Feedforward Processing on Proximal Dendrites

The HTM model neuron has a single proximal dendrite, which is used to process and recognise feedforward or afferent inputs to the neuron. We model the entire feedforward input to a cortical layer as a bit vector \({\mathbf x}_{\textrm{ff}}\in\lbrace{0,1}\rbrace^{n_{\textrm{ff}}}\), where \(n_{\textrm{ff}}\) is the width of the input.

The dendrite is composed of \(n_s\) synapses which each act as a binary gate for a single bit in the input vector.  Each synapse has a permanence \(p_i\in{[0,1]}\) which represents the size and efficiency of the dendritic spine and synaptic junction. The synapse will transmit a 1-bit (or on-bit) if the permanence exceeds a threshold \(\theta_i\) (often a global constant \(\theta_i = \theta = 0.2\)). When this is true, we say the synapse is connected.

Each neuron samples \(n_s\) bits from the \(n_{\textrm{ff}}\) feedforward inputs, and so there are \({n_{\textrm{ff}}}\choose{n_{s}}\) possible choices of input for a single neuron. A single proximal dendrite represents a projection \(\pi_j:\lbrace{0,1}\rbrace^{n_{\textrm{ff}}}\rightarrow\lbrace{0,1}\rbrace^{n_s}\), so a population of neurons corresponds to a set of subspaces of the sensory space. Each dendrite has an input vector \({\mathbf x}_j=\pi_j({\mathbf x}_{\textrm{ff}})\) which is the projection of the entire input into this neuron’s subspace.

A synapse is connected if its permanence \(p_i\) exceeds its threshold \(\theta_i\).

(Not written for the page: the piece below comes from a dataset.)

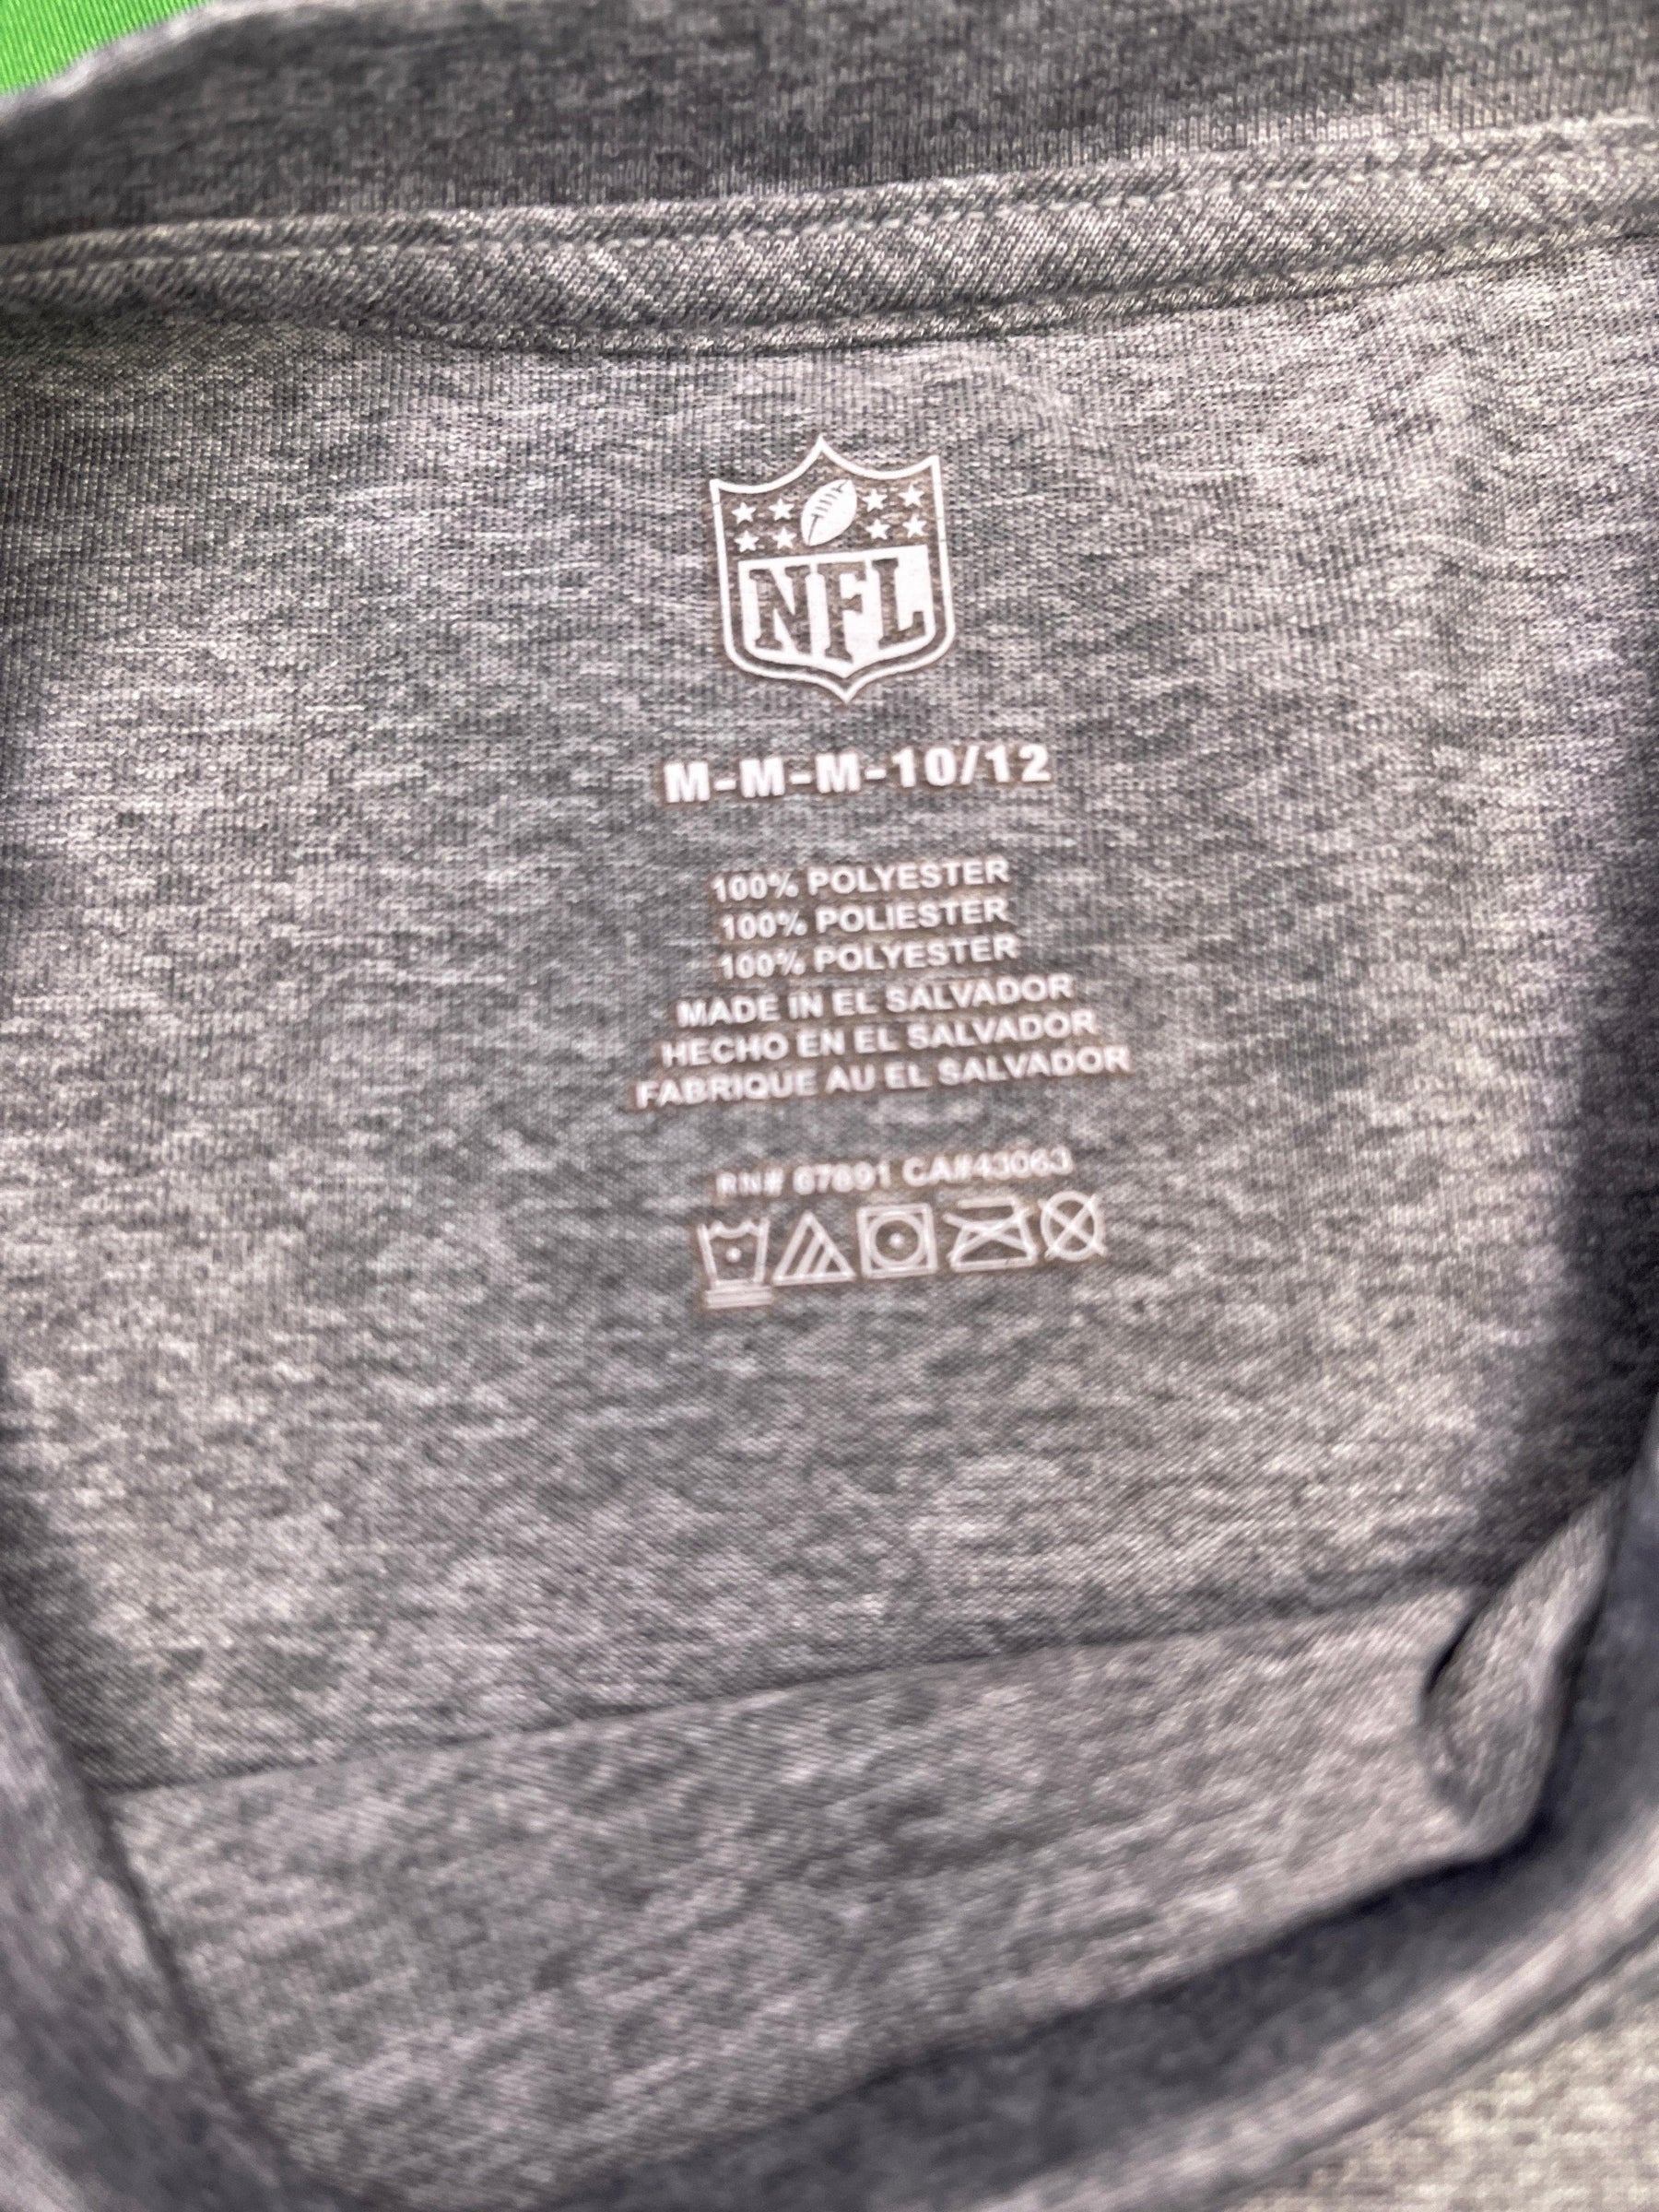 NFL Tennessee Titans Heathered Grey T-Shirt Youth Medium 10-12

If we subtract \({\mathbf p}-{\vec\theta}\), take the elementwise sign of the result, and map to \(\lbrace{0,1}\rbrace\), we derive the binary connection vector \({\mathbf c}_j\) for the dendrite. Thus:

$$c_i=(1 + sgn(p_i-\theta_i))/2$$

The dot product \(o_j({\mathbf x})={\mathbf c}_j\cdot{\mathbf x}_j\) now represents the feedforward overlap of the neuron with the input, ie the number of connected synapses which have an incoming activation potential. Later, we’ll see how this number is used in the neuron’s processing.

The elementwise product \({\mathbf o}_j={\mathbf c}_j\odot{\mathbf x}_j\) is the vector in the neuron’s subspace which represents the input vector \({\mathbf x}_{\textrm{ff}}\) as “seen” by this neuron. This is known as the overlap vector. The length \(o_j = \lVert{\mathbf o}_j\rVert_{\ell_1}\) of this vector corresponds to the extent to which the neuron recognises the input, and the direction (in the neuron’s subspace) is that vector which has on-bits shared by both the connection vector and the input.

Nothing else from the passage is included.